A method for vulcanizing a green tire is known that includes inserting a vulcanization bladder into a green tire placed in a mold, introducing steam to be a heating medium into the vulcanization bladder, and then introducing nitrogen gas (inert gas) to be a pressurizing medium into the same. The vulcanization time is determined on the basis of a portion requiring the longest vulcanization time (a portion where the vulcanization speed is slowest). For example, an unvulcanized rubber containing a large amount of silica requires a long vulcanization time. Thus, when a green tire composed of a tread rubber containing a large amount of silica is vulcanized, the vulcanization time is determined on the basis of the tread portion, and over-vulcanization occurs more readily in portions other than the tread portion as the vulcanization is performed at higher temperature. The greater the over-vulcanization, the more adversely affected the physical properties of the vulcanized rubber are. It is thus desirable to prevent over-vulcanization to the utmost.
A low internal pressure applied by the vulcanization bladder to the green tire in the initial stage of vulcanization causes the unvulcanized rubber to flow insufficiently and may thus cause vulcanization defects. Such vulcanization defects are significant especially in vulcanizing a tire having high rigidity.

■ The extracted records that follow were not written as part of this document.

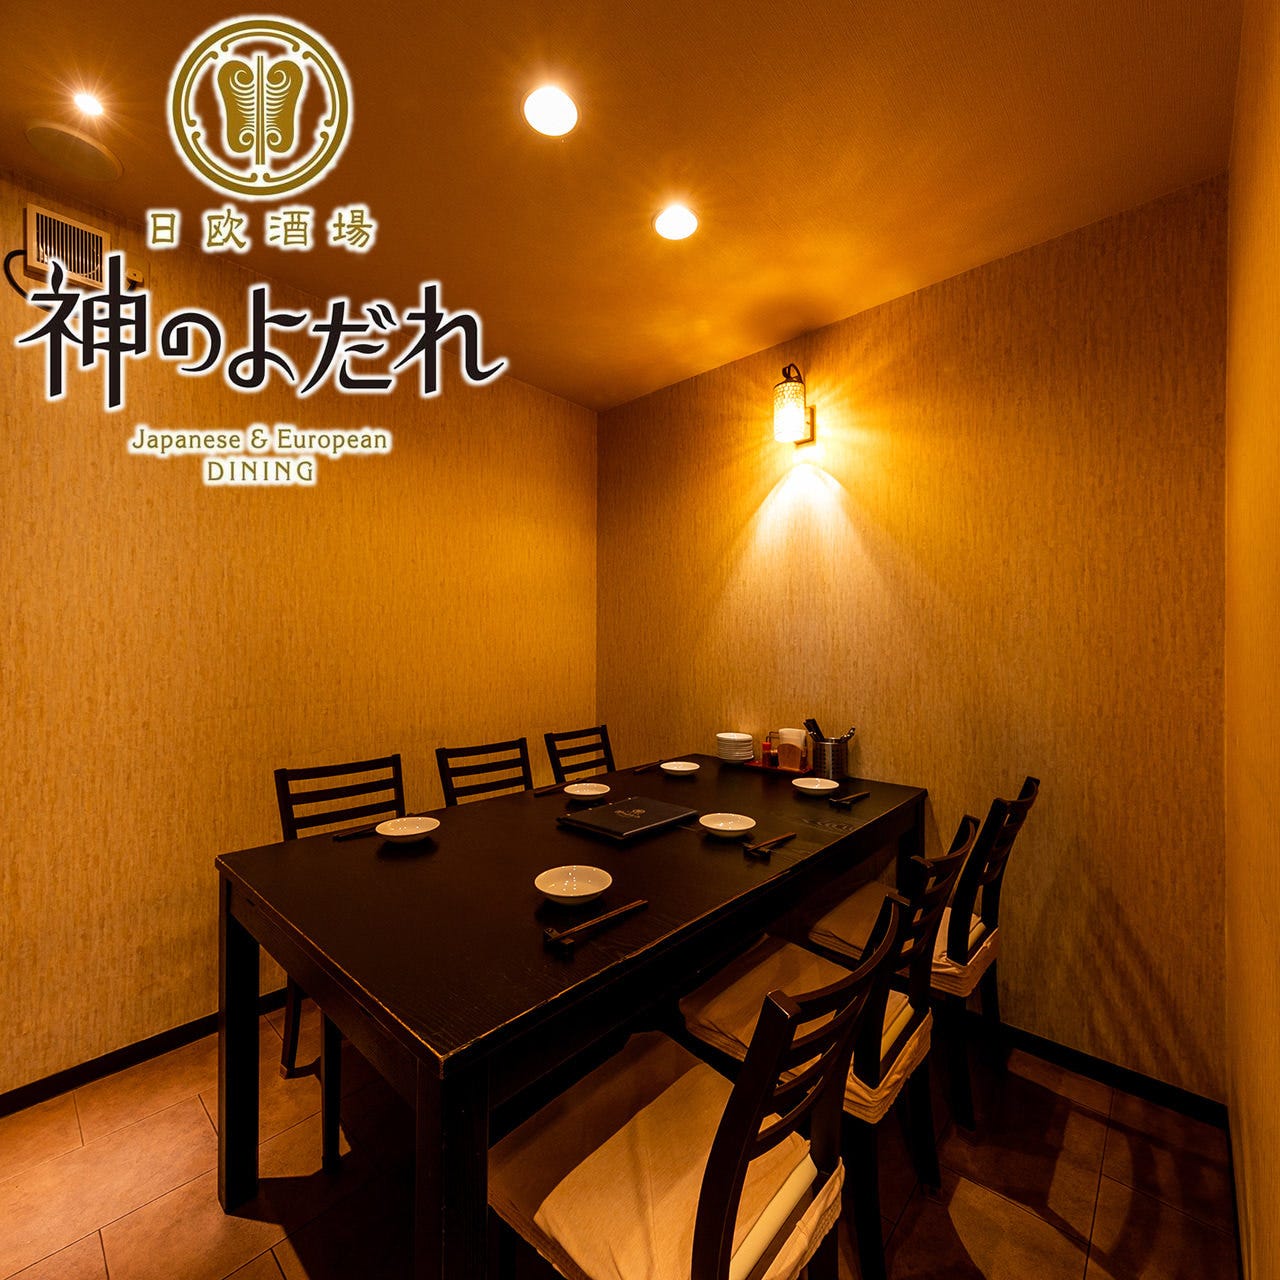 個室あり 町田の接待 会食におすすめしたい人気店 日経 大人のレストランガイド
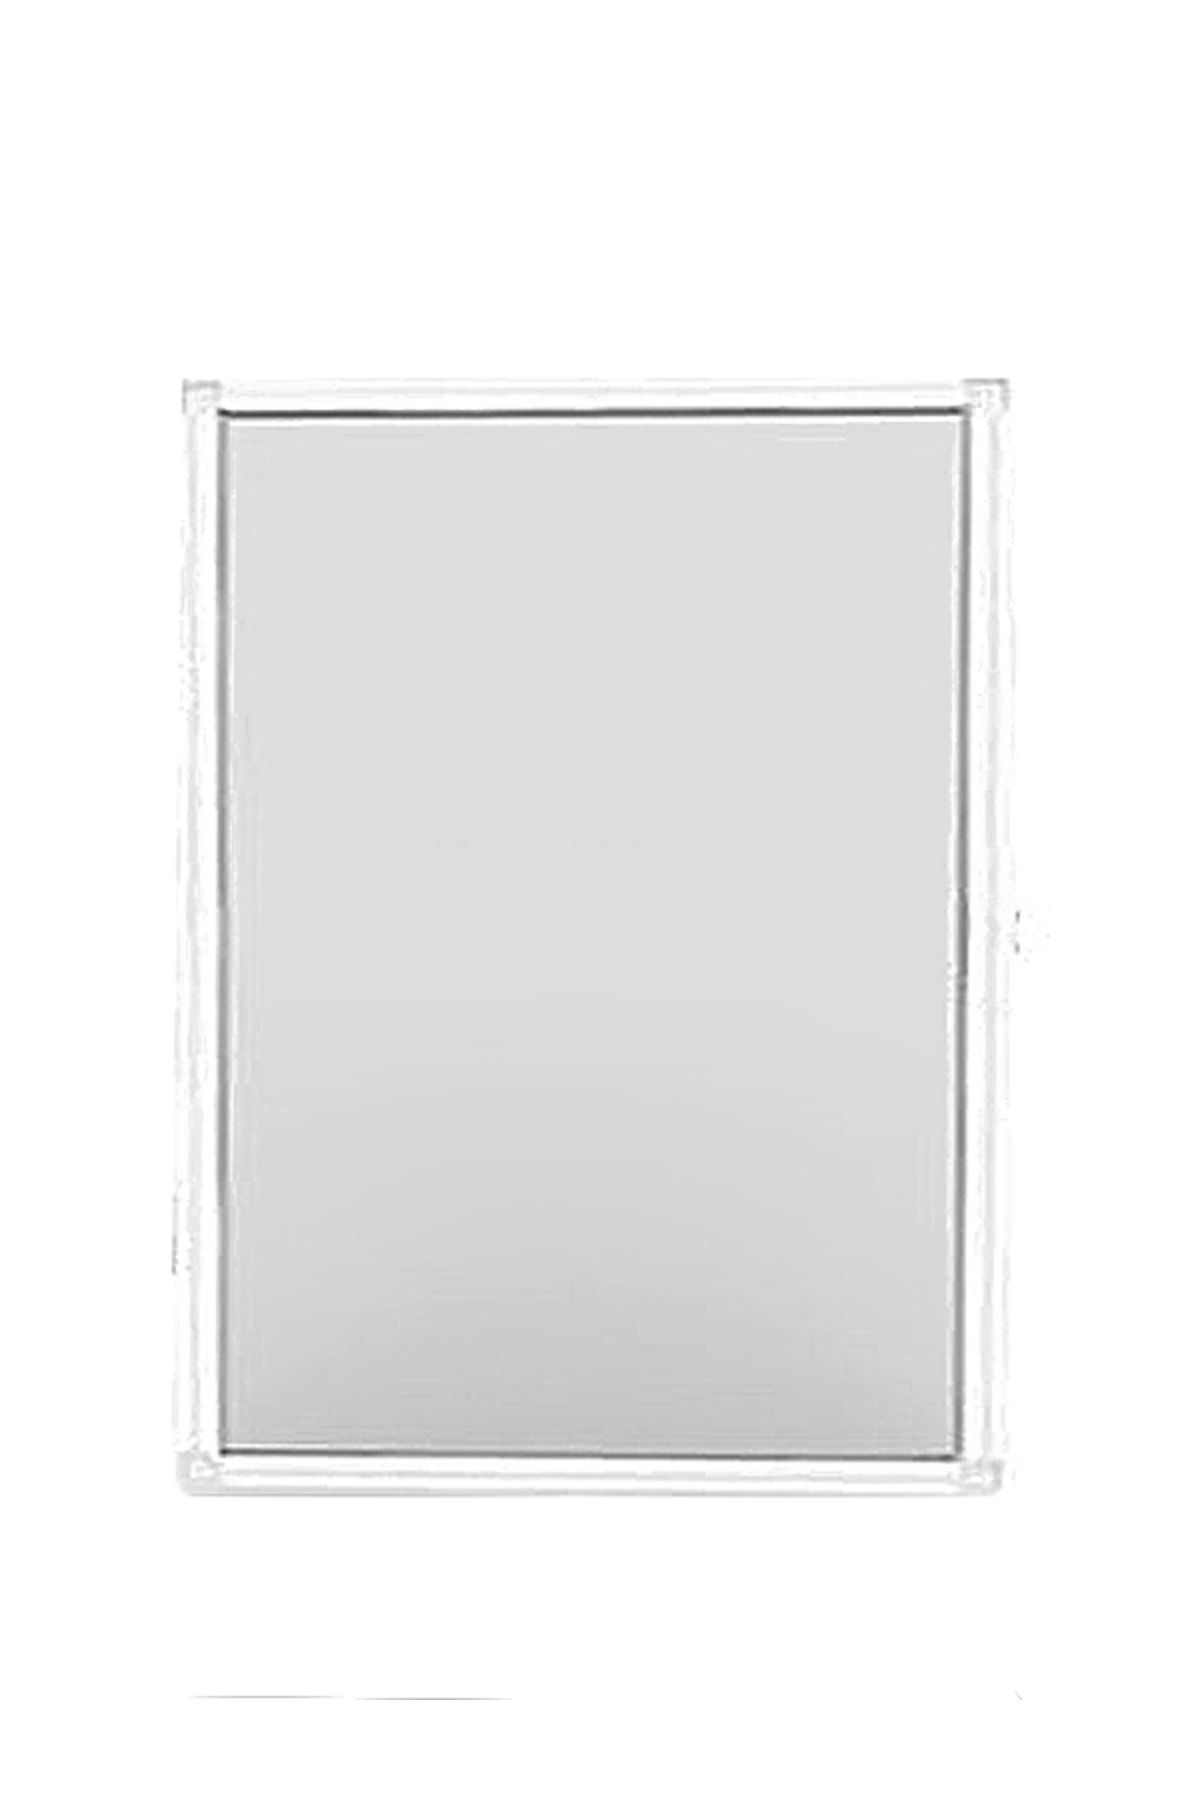 Kamataş Sabit Sök Tak Pencere Sinekliği Beyaz (En: 0-70 cm. Boy: 0-130 cm)
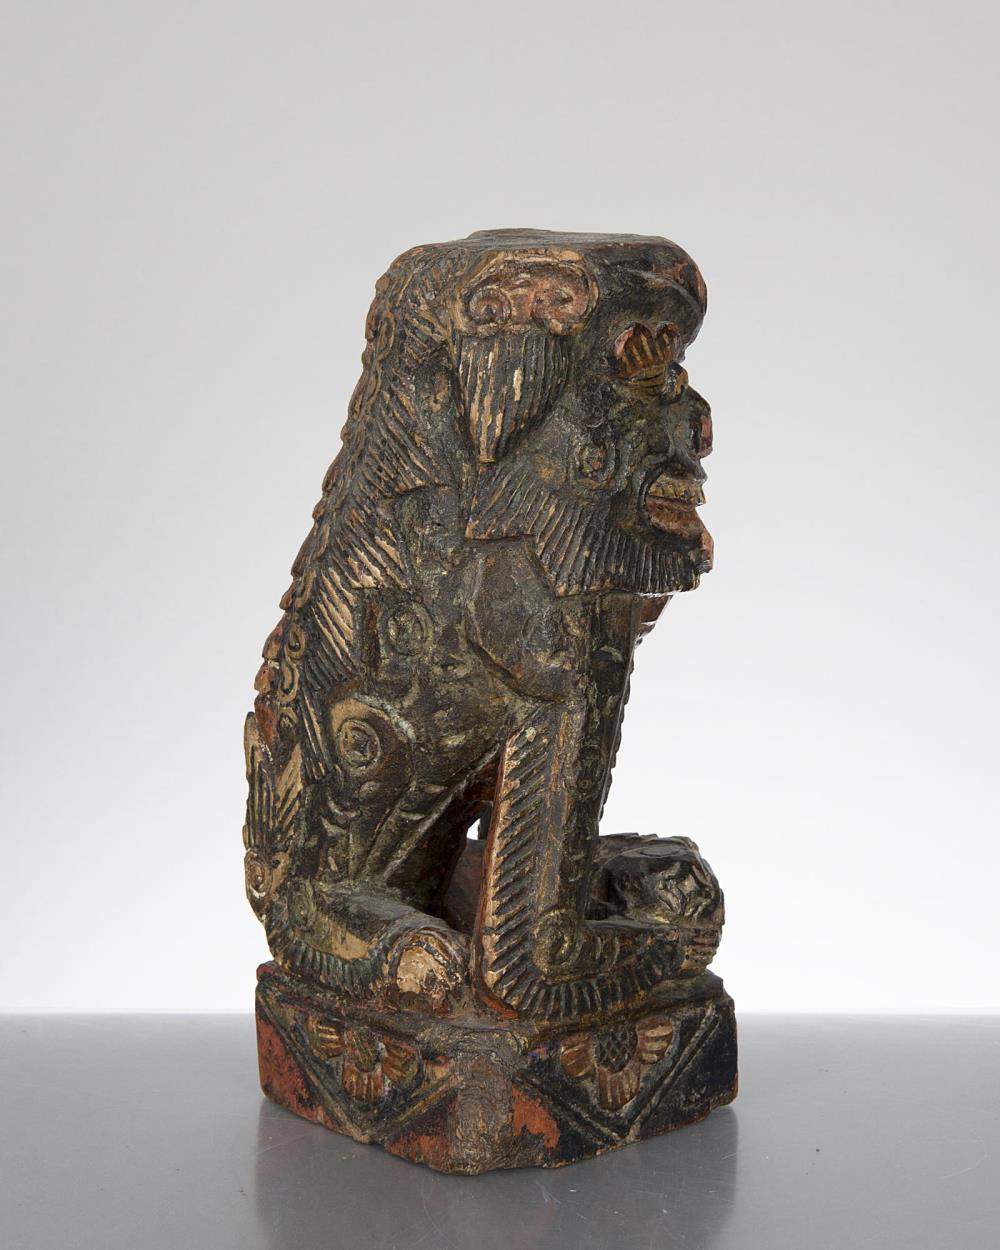 sculpture en bois d'un chien de Fo, Sud Est Asiatique.
sculpture en bois d'un chien de Fo tenant une - Image 2 of 3

A vulcanization device has been proposed that, for example, preliminarily mixes steam and inert gas in a tank and introduces the resultant gas mixture into a vulcanization bladder (see Japanese Unexamined Patent Application Publication No. H09-76239A). With this vulcanization device, introducing the gas mixture in the tank into the vulcanization bladder can increase internal pressure applied to a green tire in the initial stage of vulcanization. Moreover, the vulcanization time can be shortened to some extent. Unfortunately, this device requires a tank for preliminarily mixing steam and inert gas, resulting in an increase in equipment size.